# 25 point add-on - just became a new grandma



## littlestar (Mar 19, 2016)

I just became a first-time grandma to a darling baby girl!  Bought a 25 point add-on direct through Disney in celebration. Could not find anything that small in my use year via resale. I did get 2015 points so that was nice.


----------



## Southerngirl528 (Mar 19, 2016)

Congratulations on that new grand baby! And congrats on the add-on! I find I need more points than ever (and I have a decent sized chunk) as my kids have grown and are getting married and starting families. Happy memories together with DVC vacations.


----------



## littlestar (Mar 19, 2016)

Thanks.  We enjoy treating the kids to DVC stays. It is nice having the DVC points to book a night or two to add on to an RCI weeks exchange or an Interval Getaway, too. My husband's family owns a condo on Indian Rocks Beach and we have treated various family members to a night on Disney property when they drive over to Orlando from the beach. We definitely use the DVC points!


----------



## taterhed (Mar 19, 2016)

Very nice!  

It's very special to hear of new and exciting beginnings!
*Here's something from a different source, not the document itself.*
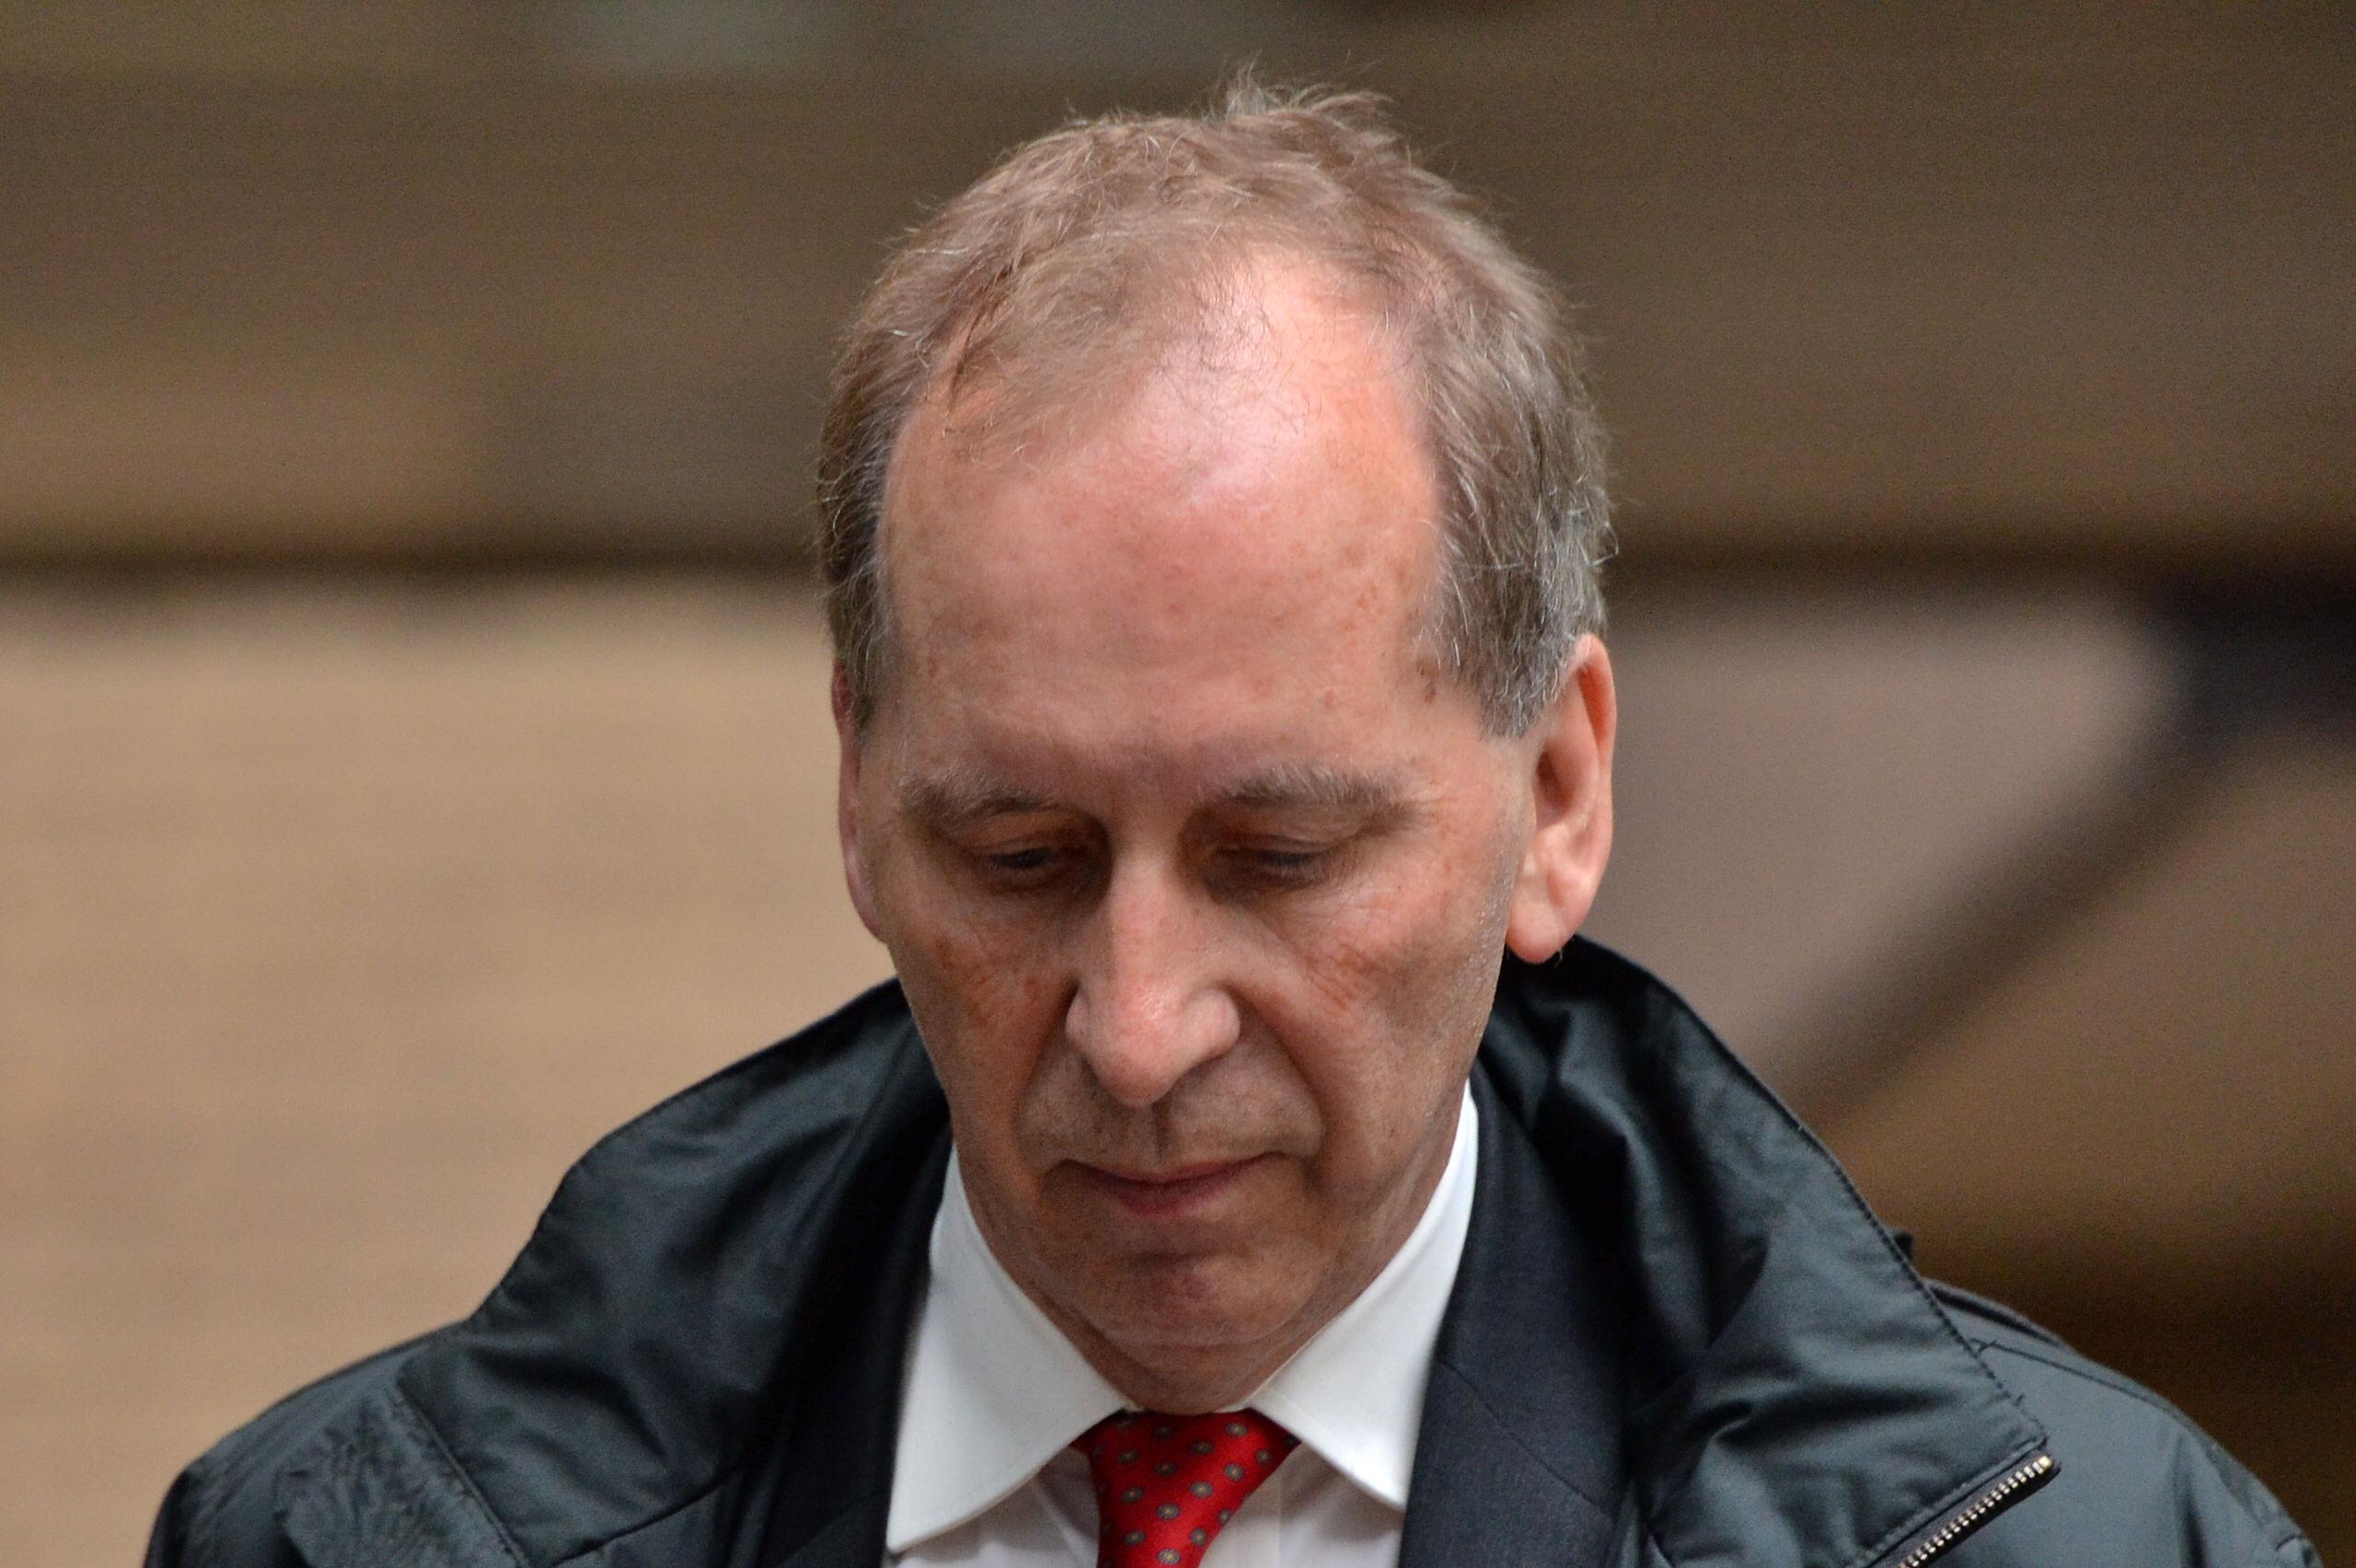 Patrick Rock leaves Southwark Crown Court in London

One of these days, we'll hopefully join that group.  Just not too soon! :ignore:


----------



## Denise L (Mar 19, 2016)

What a nice way to celebrate!  Congratulations!  DVC is a great way to spend time with family and make priceless memories .


----------



## AnnaS (Mar 27, 2016)

Double congratulations!!!  Our first and so far only granddaughter is almost 22 months old.

We all love DVC - my son and dil with the baby also have a 100 pt contract (it was one of many of my wedding gifts to them).  Of course, we are always giving them extra points as well as my other son and dil.  May will be my second trip with my granddaughter - they are the best.  It's like going for the first time all over again.

Enjoy the points and your new grand baby!!!


----------



## icydog (Apr 12, 2016)

*Congratulations!!!*

Congratulations on the wonderful grand baby. Lots of luck to you all!!!


What a way to celebrate by buying a new contract!!!!


----------



## littlestar (Apr 12, 2016)

Thanks everybody.  Becoming a grandparent is the absolute best!


----------